Last updated: November 24, 2020

What Does Atomic Absorption Spectroscopy (AAS) Mean?

Atomic absorption spectroscopy (AAS) is a spectroscopic analysis technique that determines the concentration of a particular element in a sample by atomizing the contents of the sample and measuring the absorbance of a wavelength specific to that particular element in the gaseous state. Atomic absorption lines of free atoms are very narrow, with absorption ranges of only a few picometers (1 picometer = 0.001 nanometer). Further, these absorption lines typically do not overlap with those of different elements, making the technique specific.

AAS is performed using an atomic absorption spectrometer, which is composed of an atomizer that prepares the sample for analysis, a lamp for radiation and a detector. Two types of atomic absorption spectrometers are available, depending on the lamp type: line source (LS) AAS and continuum source (CS) AAS.

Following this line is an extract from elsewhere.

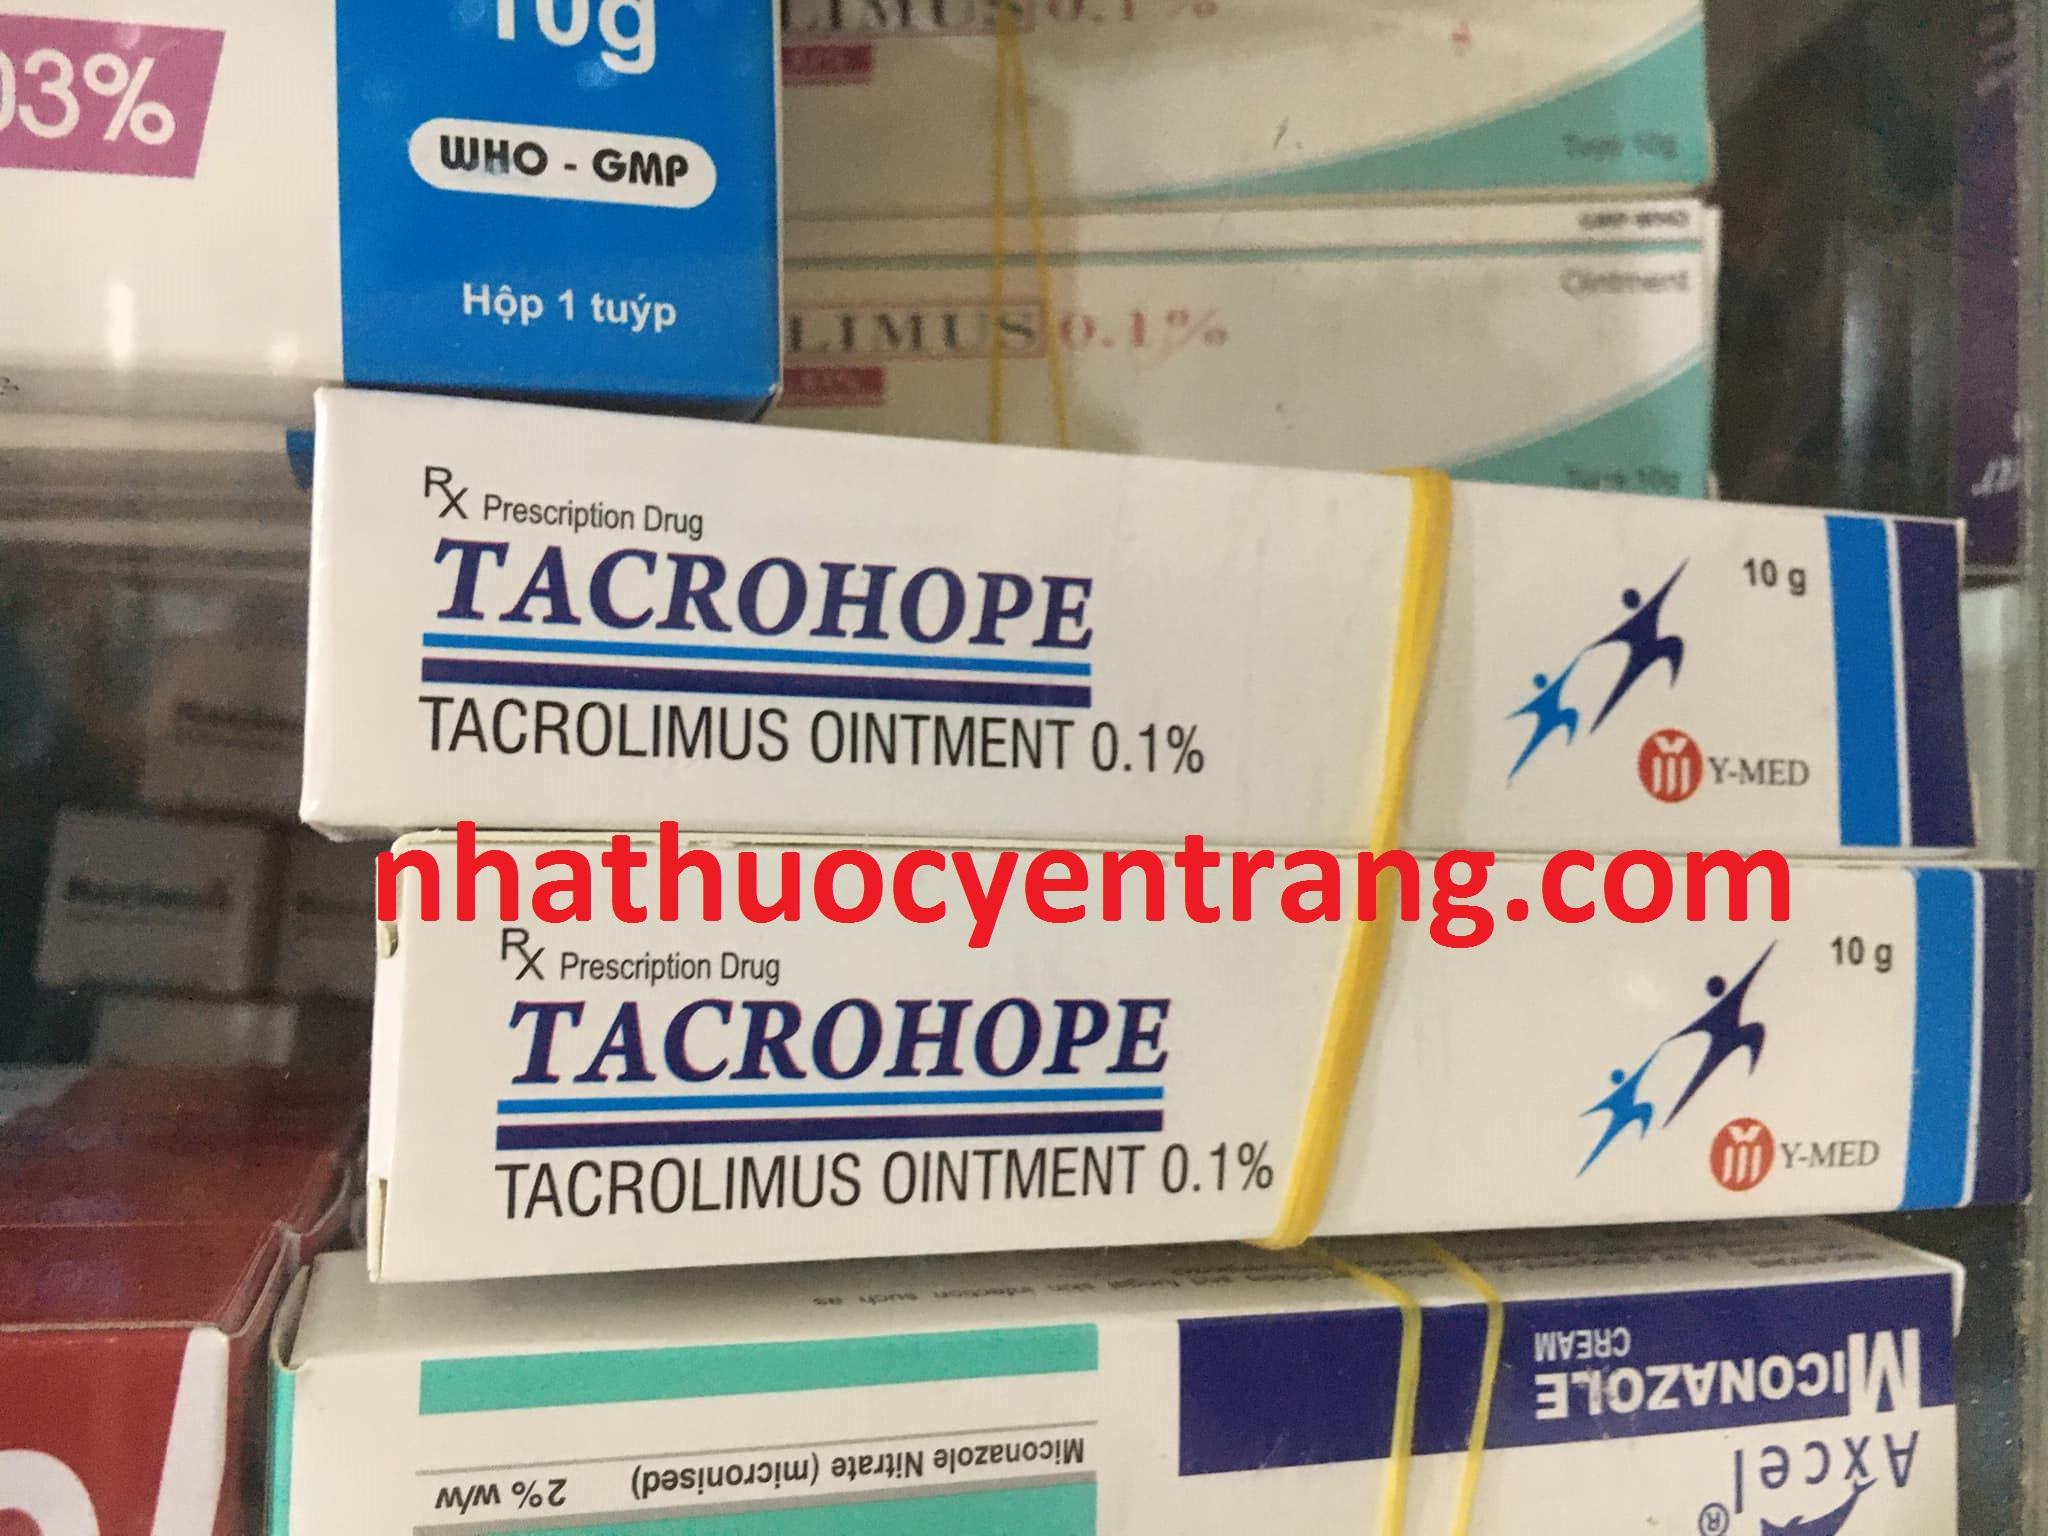 Tacrohope 0.1%

LS AAS uses a single lamp for a single element of interest, while CS AAS uses a lamp that can measure many different elements. While CS AAS may sound more appealing, they require a more expensive high-resolution monochromator for wavelength selection.

AAS is used across many disciplines such as chemistry, biology, pharmaceuticals, material analysis and water quality evaluation to determine the presence and concentration of a particular atom of interest, such as a toxic metal atom such as lead. More than 70 elements, mainly metals, can be analyzed with AAS.


Corrosionpedia Explains Atomic Absorption Spectroscopy (AAS)

AAS starts with specialized sample preparation to release the element’s atoms into solution. Certain metals require harsh acids such as nitric acid (HNO3) to ensure that any bonds to other atoms are broken in order to be atomized into the gas phase as a free atom. If these bonds are not broken, a portion of the metal may not be detected. Various atomizers are available:

  • Flame atomizers
  • Electrothermal atomizers
  • Glow-discharge atomizers
  • Hydride atomizers
  • Cold-vapor atomizers

The atomic absorption lines of these metals lie between 200-700 nanometers. For LS AAS, hollow cathode lamps and electrodeless discharge lamps are used to create a specific wavelength radiation for the absorption line of a specific element in question. For CS AAS, other sources such as a xenon arc lamp are used. The radiation from the lamps will only interact with a free metal atom at a specific wavelength because at that wavelength of energy, the atom is able to undergo an electronic state change from its ground state to an excited state. Any energy absorbed by an atom will not be detected after passing through the sample, indicating the presence of that atom.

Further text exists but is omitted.